List colouring of graphs and generalized Dyck paths

TL;DR

This paper uncovers a connection between Catalan numbers and list colouring of complete graphs, providing explicit formulas for certain parameters related to graph colourability and paintability.

Contribution

It establishes a novel link between Catalan numbers and list colouring parameters of complete graphs, extending combinatorial understanding of graph colourability.

Findings

For complete graphs, the parameters m_c and m_p equal the number of certain dominated paths.

The parameters are explicitly computed using Catalan numbers for specific vertex mappings.

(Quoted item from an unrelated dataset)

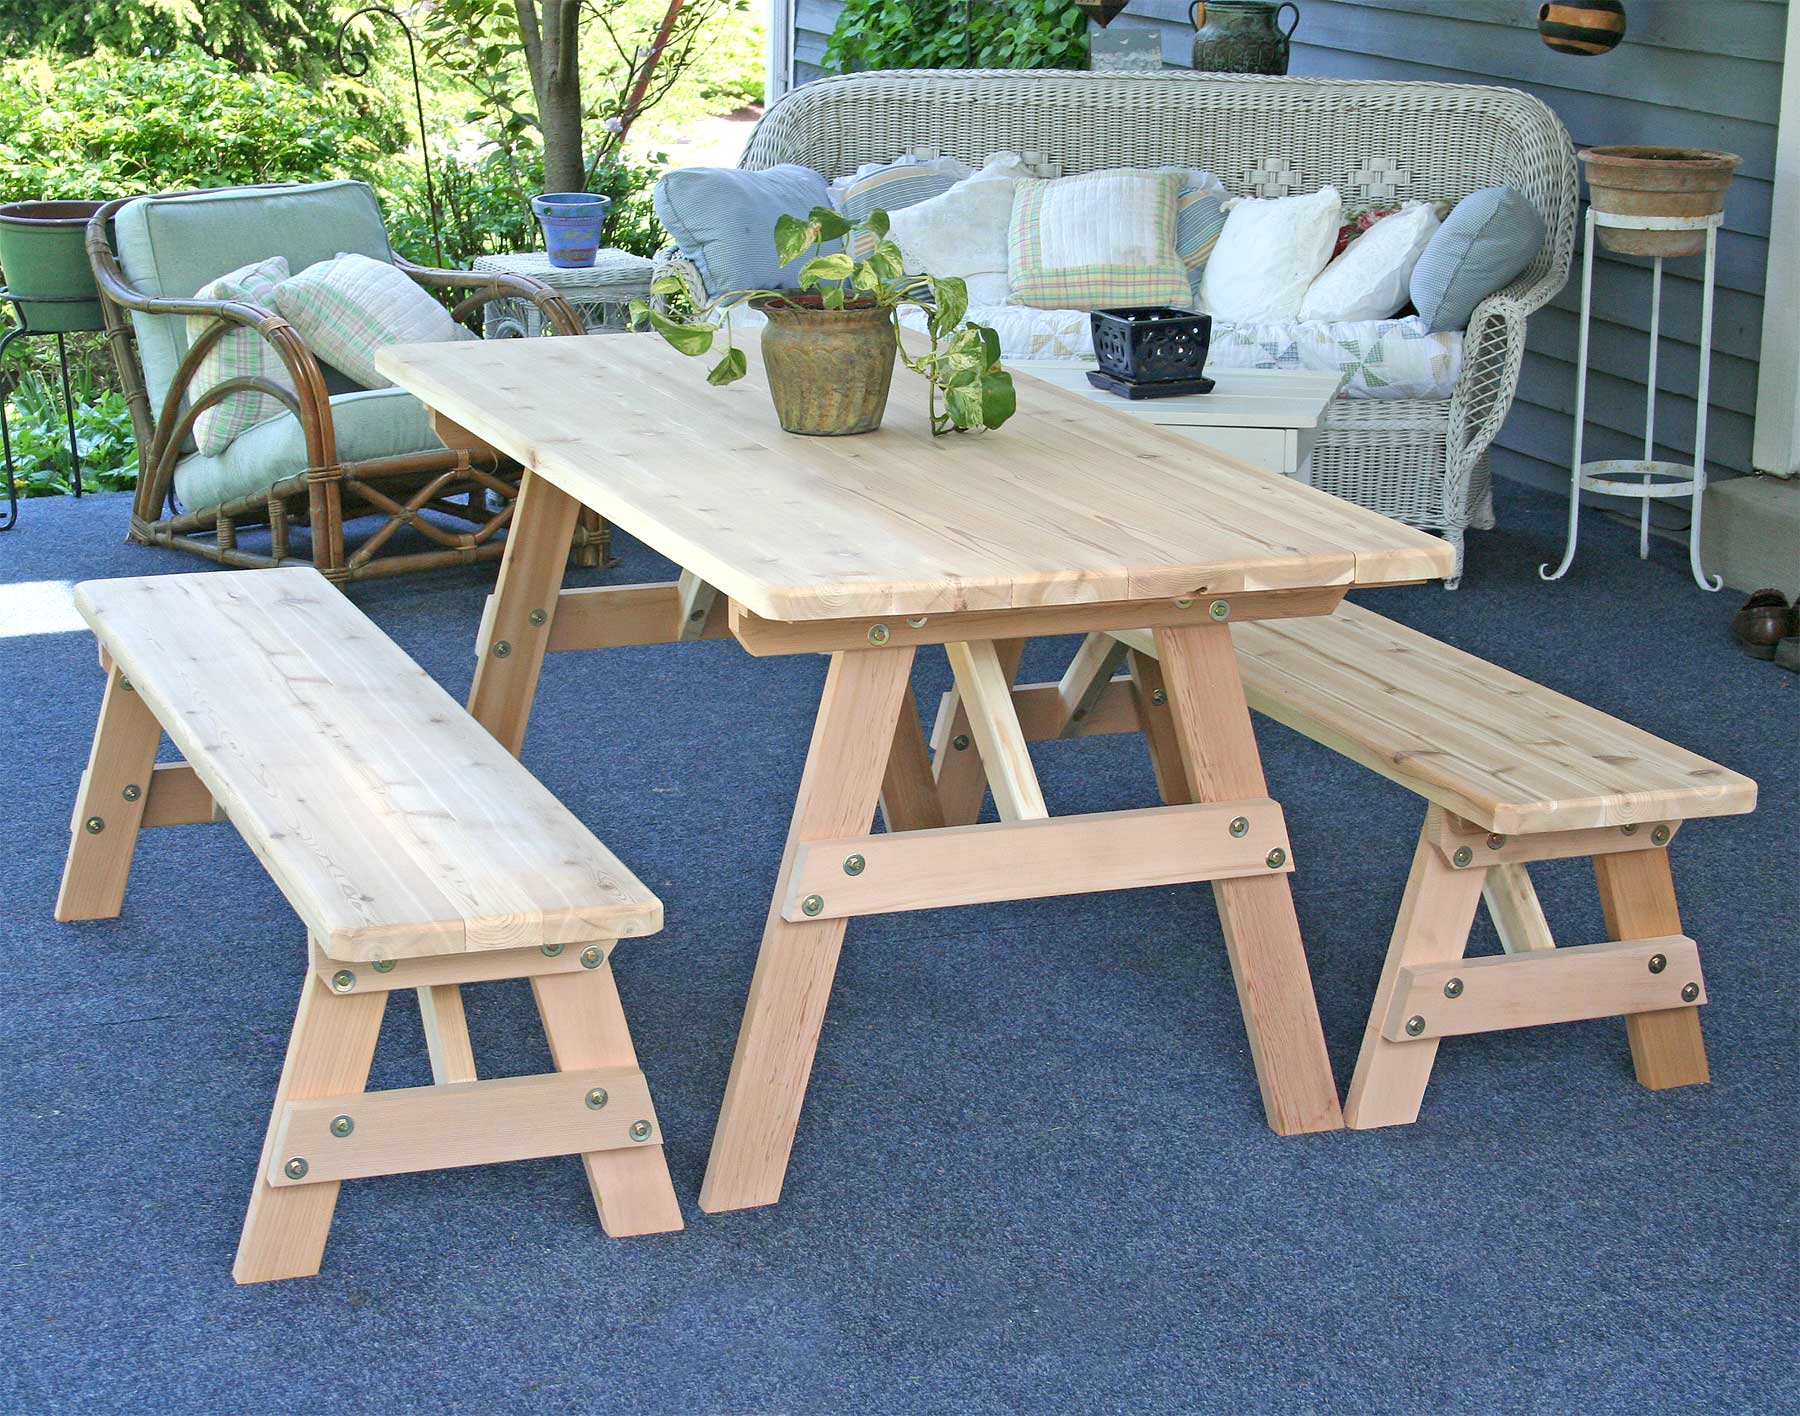 Picnic Table W Unattached Benches Plans Gym Workbench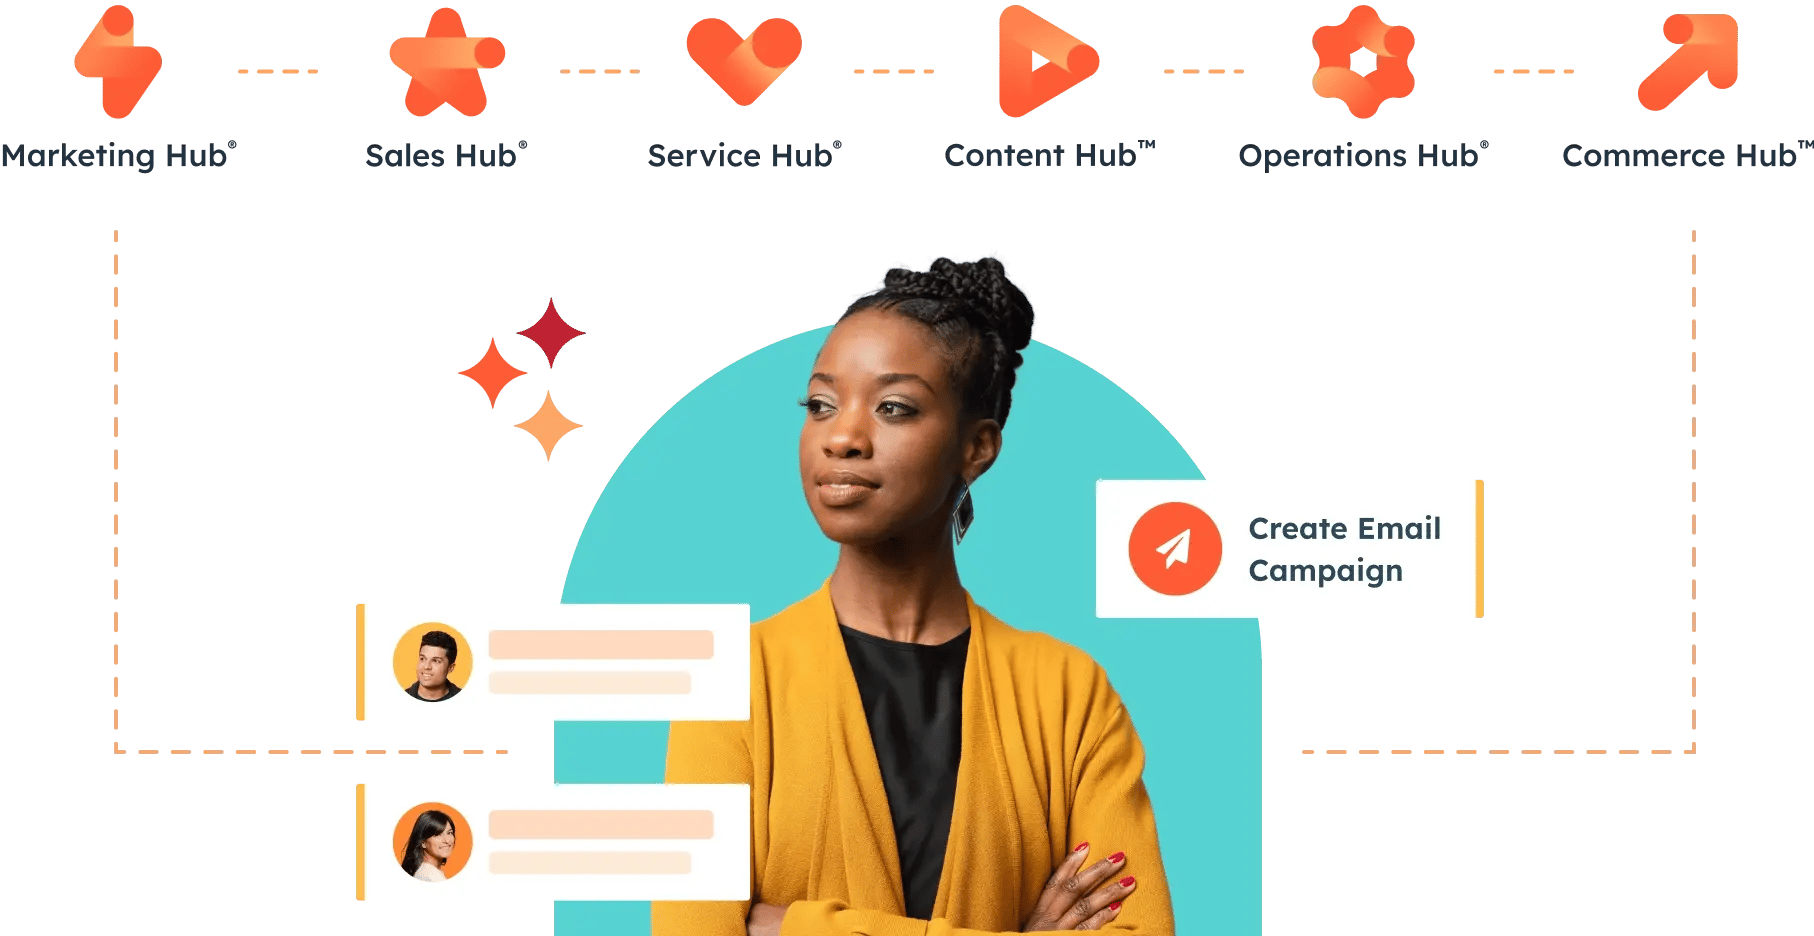 HubSpot's products, which include Marketing Hub, Sales Hub, Service Hub, Content Hub, Operations Hub, and Commerce Hub, are connected on the same software platform.

The work generalizes the combinatorial interpretation of Catalan numbers in graph theory.

Abstract

The Catalan numbers occur in various counting problems in combinatorics. This paper reveals a connection between the Catalan numbers and list colouring of graphs. Assume $G$ is a graph and $f:V(G) \to N$ is a mapping. For a nonnegative integer $m$, let $f^{(m)}$ be the extension of $f$ to the graph $ G \diamondplus \overline{K_m}$ for which $f^{(m)}(v)=|V(G)|$ for each vertex $v$ of $\overline{K_m}$. Let $m_c(G,f)$ be the minimum $m$ such that $ G \diamondplus \overline{K_m}$ is not $f^{(m)}$-choosable and $m_p(G,f)$ be the minimum $m$ such that $ G \diamondplus \overline{K_m}$ is not $f^{(m)}$-paintable. We study the parameter $m_c(K_n, f)$ and $m_p(K_n,f)$ for arbitrary mappings $f$. For $\vec{x}=(x_1,x_2,\ldots,x_n)$, an $\vec{x}$-dominated path ending at $(a, b)$ is a monotonic path $P$ of the $a \times b$ grid from $(0,0)$ to $(a,b)$ such that each vertex $(i,j)$ on $P$ satisfies $i \le x_{j+1}$. Let $\psi(\vec{x})$ be the number of $\vec{x}$-dominated paths ending at $(x_n,n)$. By this definition, the Catalan number $C_n$ equals $ \psi((0,1, \ldots, n-1)) $. This paper proves that if $G=K_n$ has vertices $v_1, v_2, \ldots, v_n$ and $f(v_1) \le f(v_2) \le \ldots \le f(v_n)$, then $m_c(G,f)=m_p(G,f)=\psi(\vec{x}(f))$, where $\vec{x}(f)=(x_1, x_2, \ldots, x_n)$ and $x_i=f(v_i)-i$ for $i=1, 2,\ldots, n$. Therefore, if $f(v_i)=n$, then $m_c(K_n, f)=m_p(K_n, f)$ equals the Catalan number $C_n$.